Литмир - Электронная Библиотека
A
A

Спектакль шел с огромным успехом. Василию Ивановичу Берсенев говорил, что рад дать ему отдохнуть: «Не все же группе на тебе, Вася, ездить».

Дела белой армии становились день ото дня хуже; уже ясно было, что она не продержится до весны. Впервые в группе возникла мысль: а не остановить ли свой «бег»? Так заговорил Иван Яковлевич Гремиславский. Но его быстро переубедили, вернее, припугнули: белые, уходя с Кубани, обязательно «хлопнут дверью» и уж, конечно, не помилуют тех интеллигентов, которые решат остаться, а работники Художественного театра все на виду и все на учете у белой контрразведки.
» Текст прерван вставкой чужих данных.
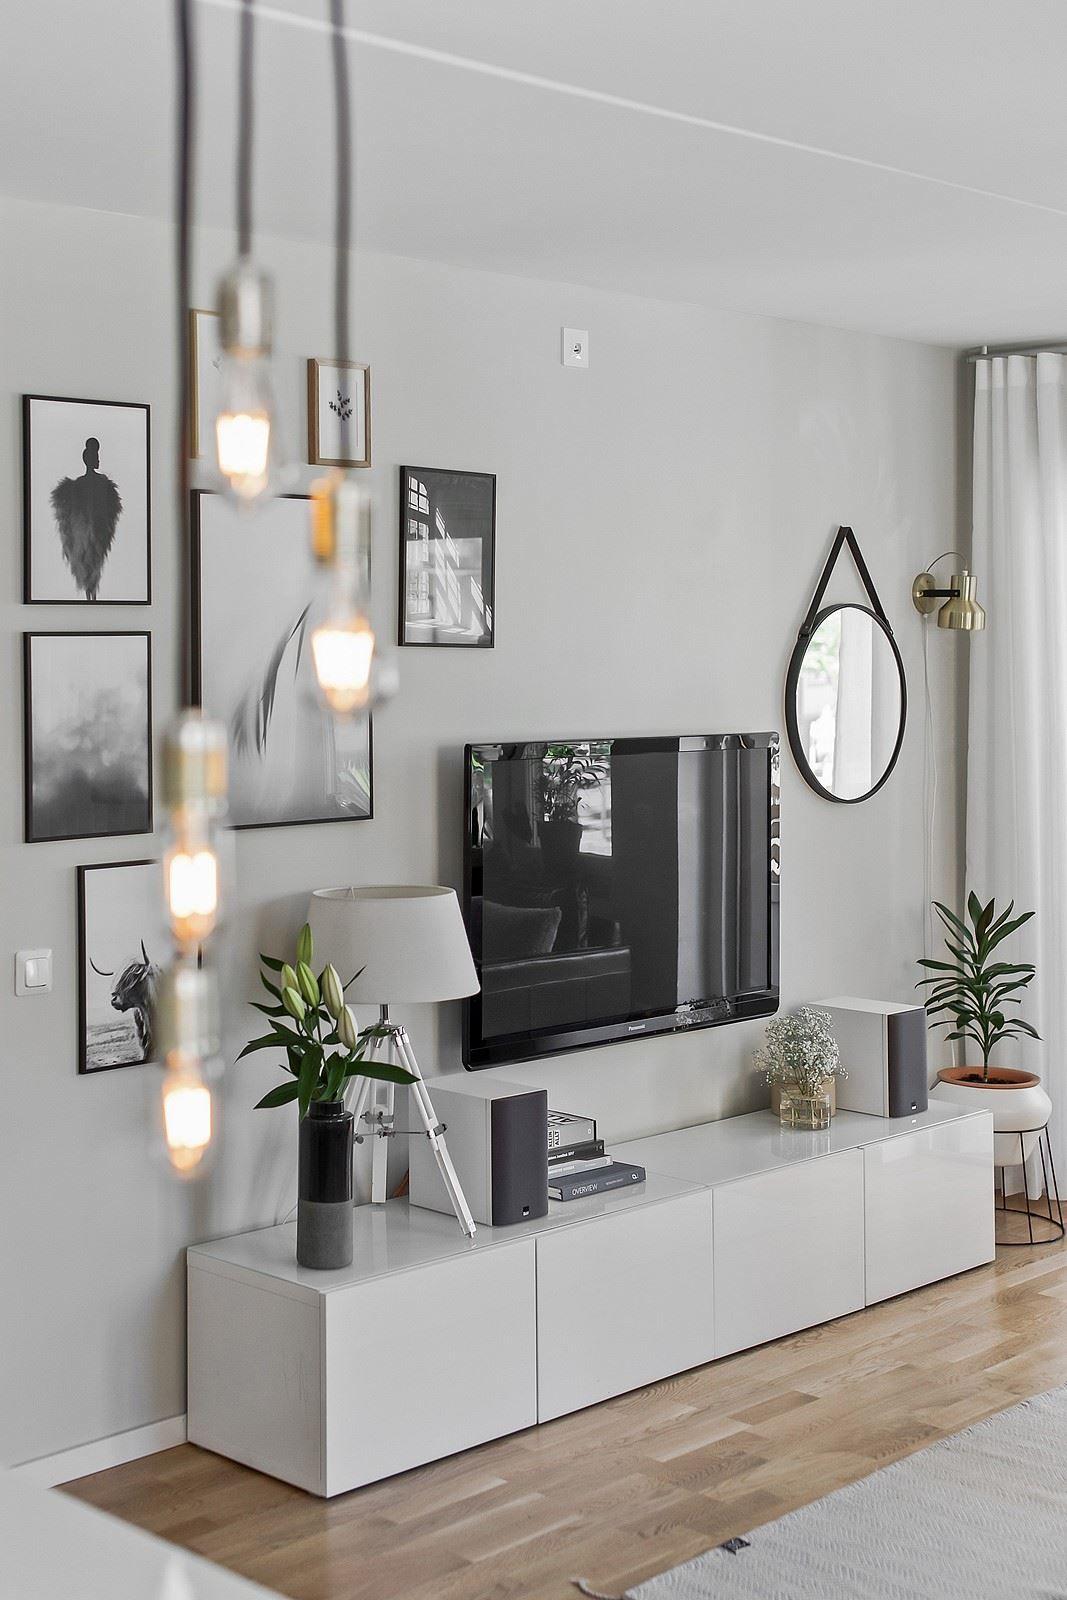 Ikea 'Best' sideboard | DECORATION D'INTERIEUR ...

А если и удастся притаиться и дождаться красных, то уж наверняка и те не обласкают.

Решено было уезжать в Новороссийск, а там грузиться на пароход и — в Грузию. Так как в Грузии не имели хождения деникинские «колокола», Берсенев купил двадцать мешков (сто пудов — тысяча шестьсот килограммов) самой лучшей муки-крупчатки, в которой очень нуждались грузины, чтобы, продав им ее, иметь необходимые на первое время деньги. Эта мука, восемь огромных корзин с костюмами и реквизитом, довольно большой личный багаж членов группы (ведь в странствиях были уже девять месяцев и все, что имели, возили с собой) вынудили отправиться не в классном вагоне, а в двух теплушках.

В Грузии

И вот в ночь на 24 февраля 1920 года вся группа с чадами и домочадцами погрузилась в два хороших, прочных, хорошо вымытых товарных вагона с печками и запасом дров. В теплушке, в которой ехало наше семейство, целый конец занимали мешки с мукой, и у нас же были все корзины с костюмами. Зато у нас было гораздо меньше народу. В нашей теплушке ехали Александров, Бакшеев, Орлова, Комиссаров, трое нас, трое Бодулиных, Ваня Орлов и помощник Леонидова Либерман.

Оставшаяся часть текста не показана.